More Type Checking

Assignment

Review: what are \(\vdash\), \(O\), and \(\leq\)?

\[ \frac{ \begin{array}{l} O(id) = T_0\\ O \vdash e_1 : T_1\\ T_1 \leq T_0 \end{array}} {O \vdash id \; \texttt{<-} \; e_1 : T_1}\text{[Assign]} \]

Initialized Attributes

Let \(O_c(x) = T\) for all attributes \(x : T\) in class \(C\)
- \(O_c\) represents the class-wide scope
Attribute initialization is similar to let, except for the scope of names

\[ \frac{ \begin{array}{l} O_c(id) = T_0\\ O_c \vdash e_1 : T_1\\ T_1 \leq T_0 \end{array}} {O_c \vdash id \; \texttt{<-} \; e_1 : T_1}\text{[Attr-Init]} \]

Method Dispatch

There is a problem with type checking method calls:

\[ \frac{ \begin{array}{l} O \vdash e_0 : T_0\\ O \vdash e_1 : T_1\\ ...\\ O \vdash e_n : T_n\\ \end{array}} {O \vdash e_0.f(e_1, \ldots, e_n) : \; ?}\text{[Dispatch]} \]
We need information about the formal parameters and return type of \(f\)

Notes on Dispatch

In Cool, method and object identifiers live in different name spaces
- A method foo and an object foo can coexist in the same scope
In the type rules, this is reflected by a separate mapping \(M\) for method signatures:

\[M(C, f) = (T_1, \ldots, T_n, T_{ret})\]

which means in class \(C\) there is a method \(f\) where

\[f(x_1 : T_1, \ldots, x_n : T_n) : T_{ret}\]
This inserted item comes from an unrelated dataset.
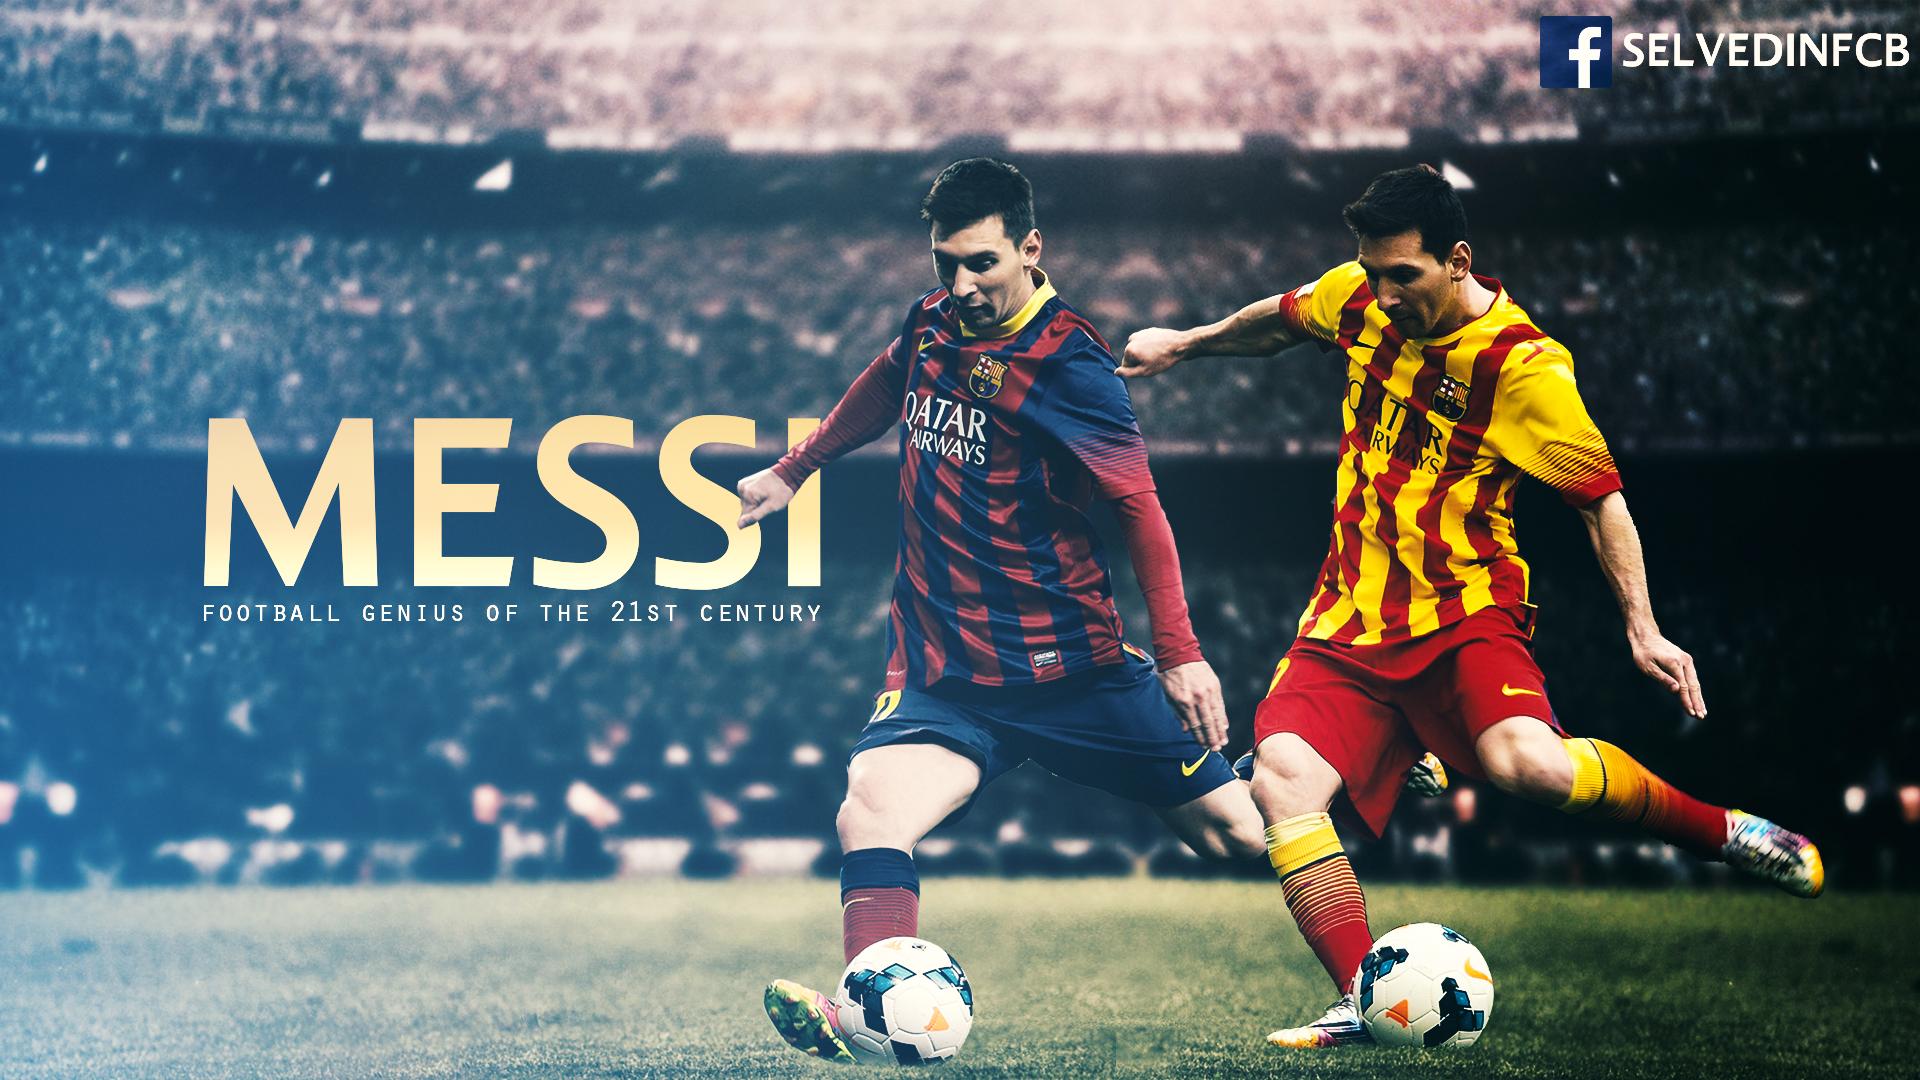 Lionel Messi Wallpaper HD 2014 download Wallpaper 1920x1080

An Extended Typing Judgment

Now we have two environments: \(O\) and \(M\)
The form of the typing judgment is

\[O, M \vdash e : T\]

which can be read as: “with the assumption that the object identifiers have types as given by \(O\) and the method identifiers have signatures as given by \(M\), the expression \(e\) has type \(T\)”

The Method Environment

The method enviroment must be added to all rules
In most cases, \(M\) is passed down but not actually used
Only the dispatch rule uses \(M\)

The Dispatch Rule Revisited

Steps: check reciever object, check actual arguments, then look up the formal argument types \(T_i'\)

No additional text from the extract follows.